I haven’t played a management sim in any depth for a long time, but given the chance to review Planet Coaster: Console Edition on my XSX got me curious. In doing a little research, this game was actually first released on PC in 2016, but this Console Edition is very aptly named given that Frontier put in a tremendous amount of effort to make the game not only run great on consoles, but also control great. Though you can use a mouse and keyboard to play, I don’t typically keep one near my consoles, so I decided to play this with just purely the Xbox controller. After playing through the tutorials, I was pleasantly surprised at how accessible and easy it was to not only use a controller, but manage my own theme park.
I appreciated that Planet Coaster presents the game in bite size chunks to start, and that, even after the tutorials and when you’re on your own, there is a lot of micromanagement stuff that is available to you but a lot of it turns out to not be critical to the experience. In other words, for those that want to manage it all, you can, but if you’re like me and aren’t that sim-focused, you won’t suffer much penalty for it.
Something else that made Planet Coaster a treat to get into were the NPCs that help explain some of the facets of the game, from theme park theory and operations to keep guests happy, to the financial components, to logistics such as ride placement and keeping things functioning and efficient. A fourth character helps give feedback about what’s working and what isn’t in your park, such as rides being disabled, prices being too high, and things like that. These characters have animated avatars, excellent voice-acting, and personalities that go a ways. I think these are actually unique to the Console Edition which is a nice touch.
So one the one hand, players are focusing on a theme park as a whole, with more than just roller coasters — but then of course there is a second, major component that is all about making the roller coasters of your dreams (or nightmares). Coasters are graded based upon factors: fear, excitement, and <gulp> how nausea-inducing they are for guests. The game is helpful to steer you in the right direction for these things so that you can find the right balance.
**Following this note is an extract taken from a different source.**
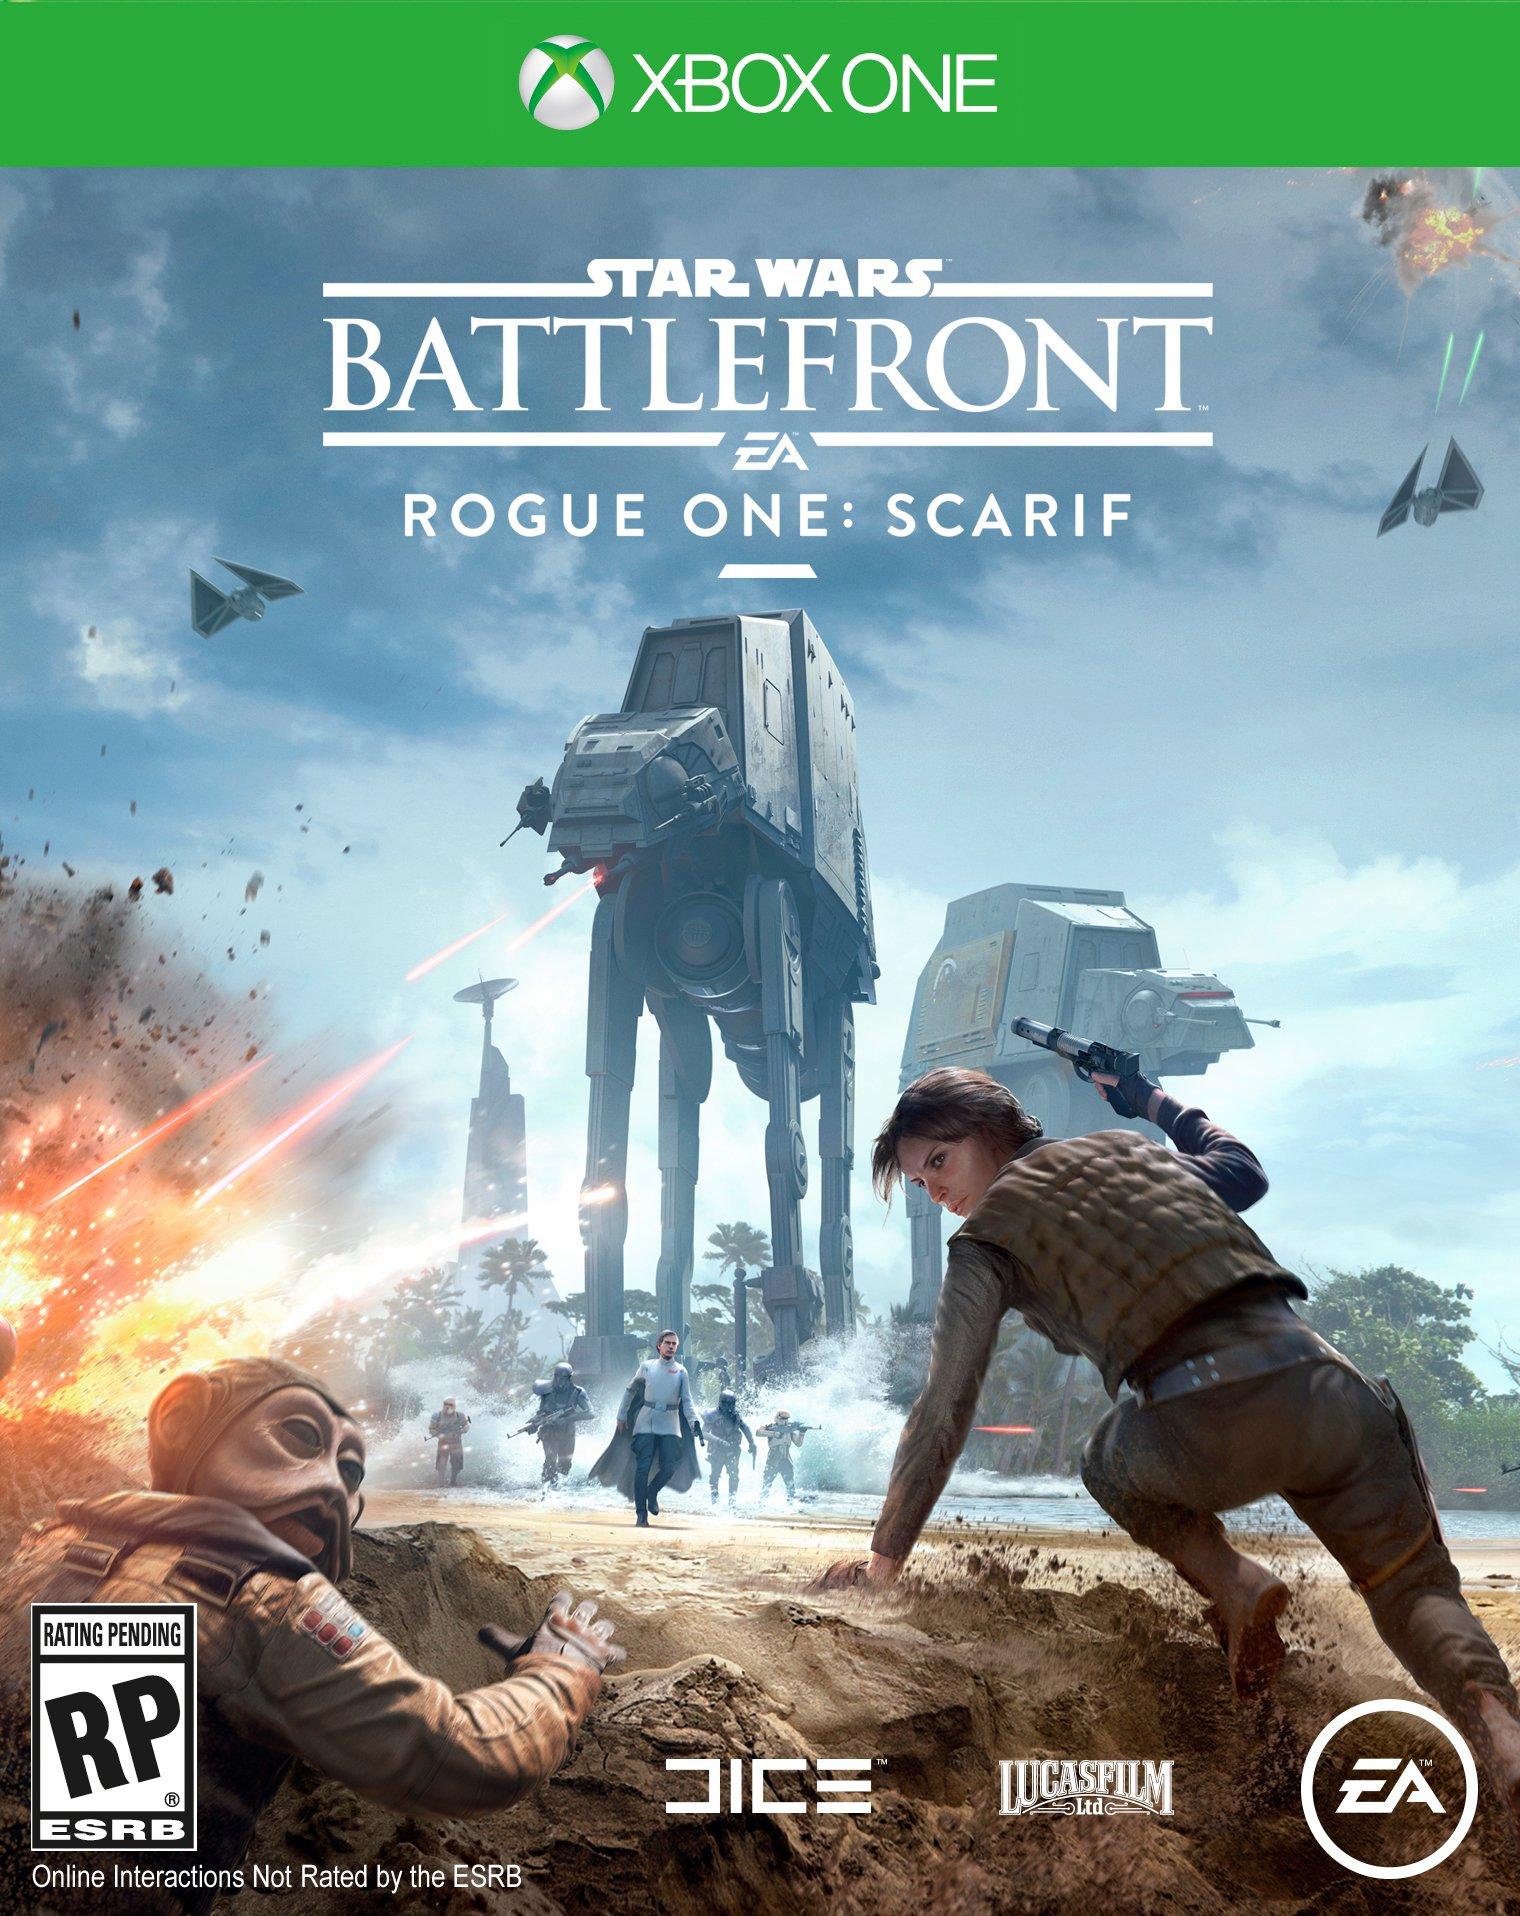 the new star wars game for xbox one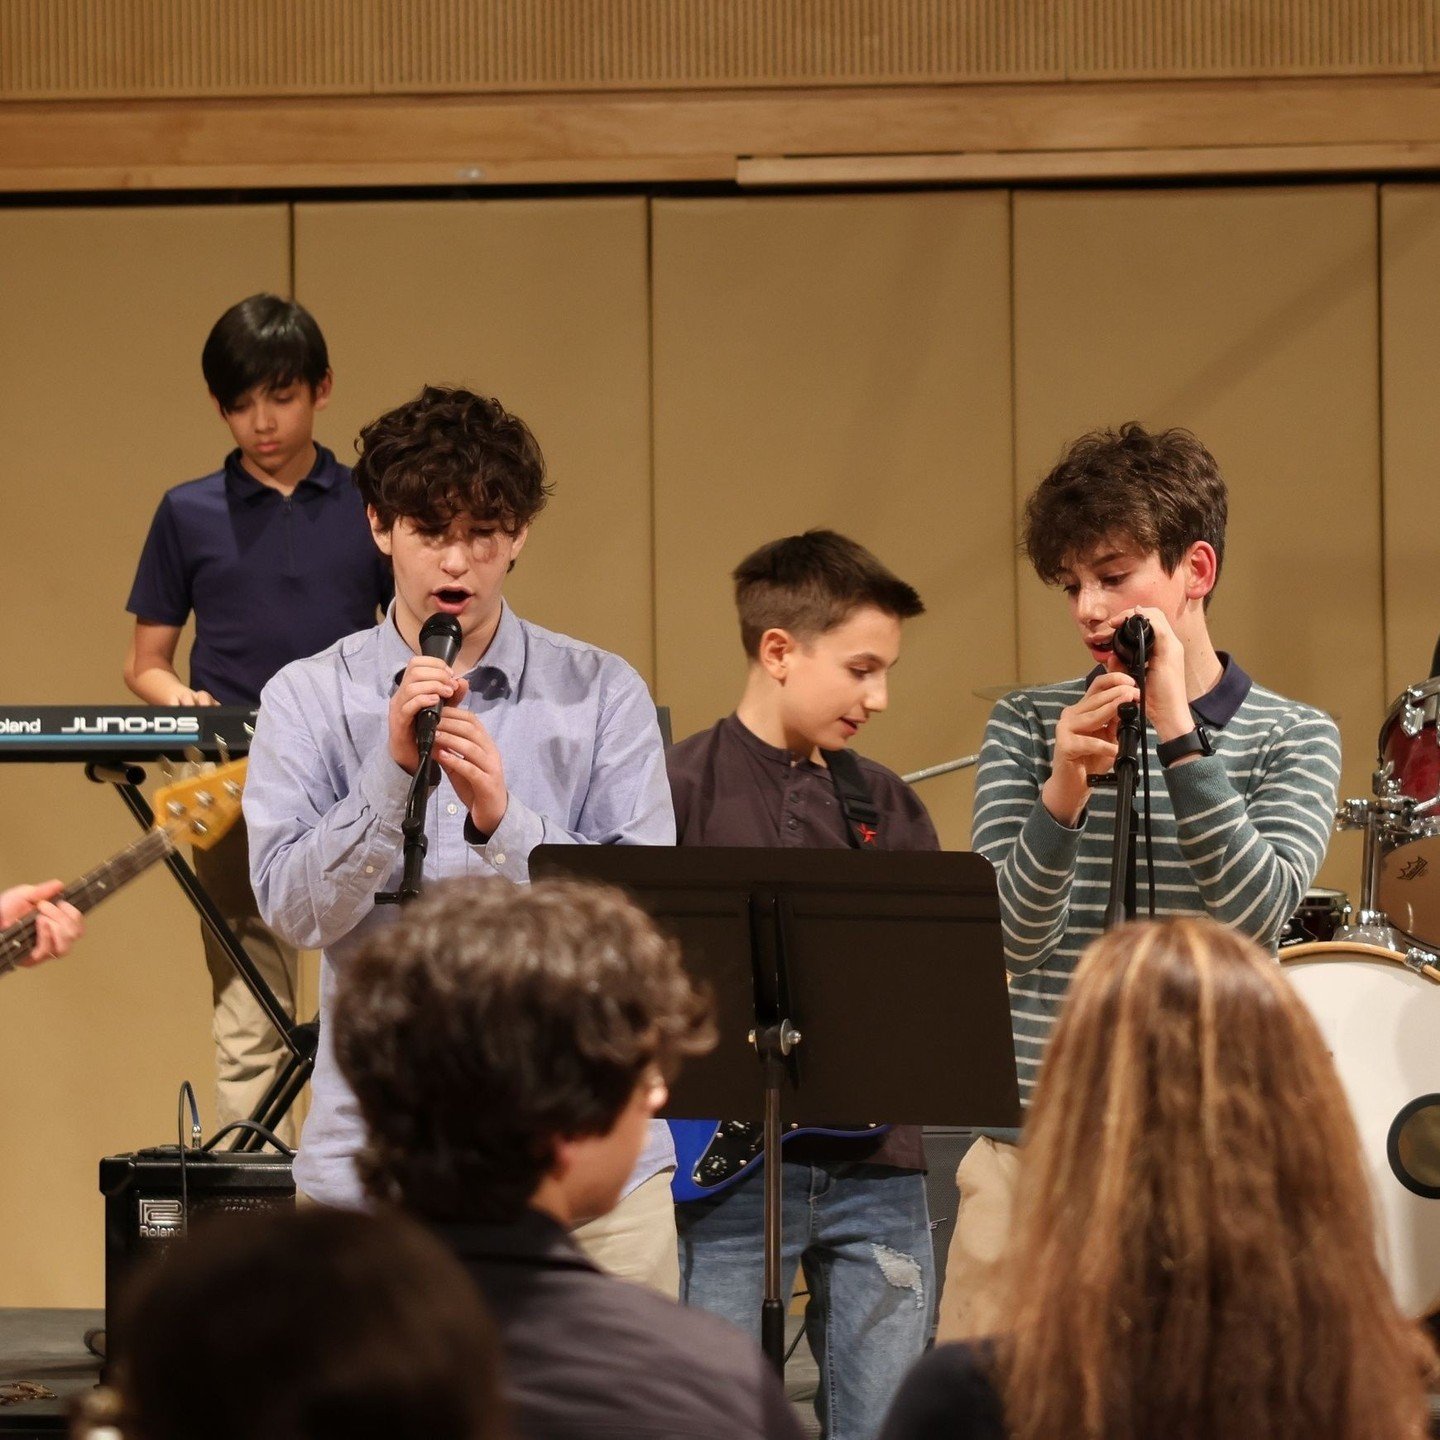 At our yearend Coffeehouse, our community rocked out with the most bands ever! From Grade 5 to Grade 12, our lineup jammed to classics like Journey's &quot;Don't Stop Believin'&quot; and AC/DC's &quot;Highway to Hell,&quot; along with modern hits lik

The game comes with plenty of resources, including hundreds of new ride and building blueprints that help you deploy new rides and get your park going rapidly. Online resources are also vast, allowing you to pull in assets from userland, and there is an incredible assortment of cool ideas, real park remakes, and other things for you to chew on (and share back to) should you so desire. For the scope of this review, I didn’t get into that, but I could see possibly doing that in the future.
On XSX, Planet Coaster looked and ran like a game that was built for the system. Vivid colors, smooth animations, and lots of visual pop to the imagery made the game feel right at home on next-gen. Theme parks you create here can be shared with other users on other consoles, but you have to be mindful of how many assets you try to push to those other system. A nice in-game mechanism will alert you if you’re pushing the memory and compute limit of the other systems, if you’re concerned about it.
Overall, a ticket to Plant Coaster: Console Edition is a great buy if you’re at all into theme park management. Frontier did a superb job bringing their excellent 2016 PC game to next-gen with console-friendly UI, controls, and everything you could need to get a big jump on your theme park building and management gameplay.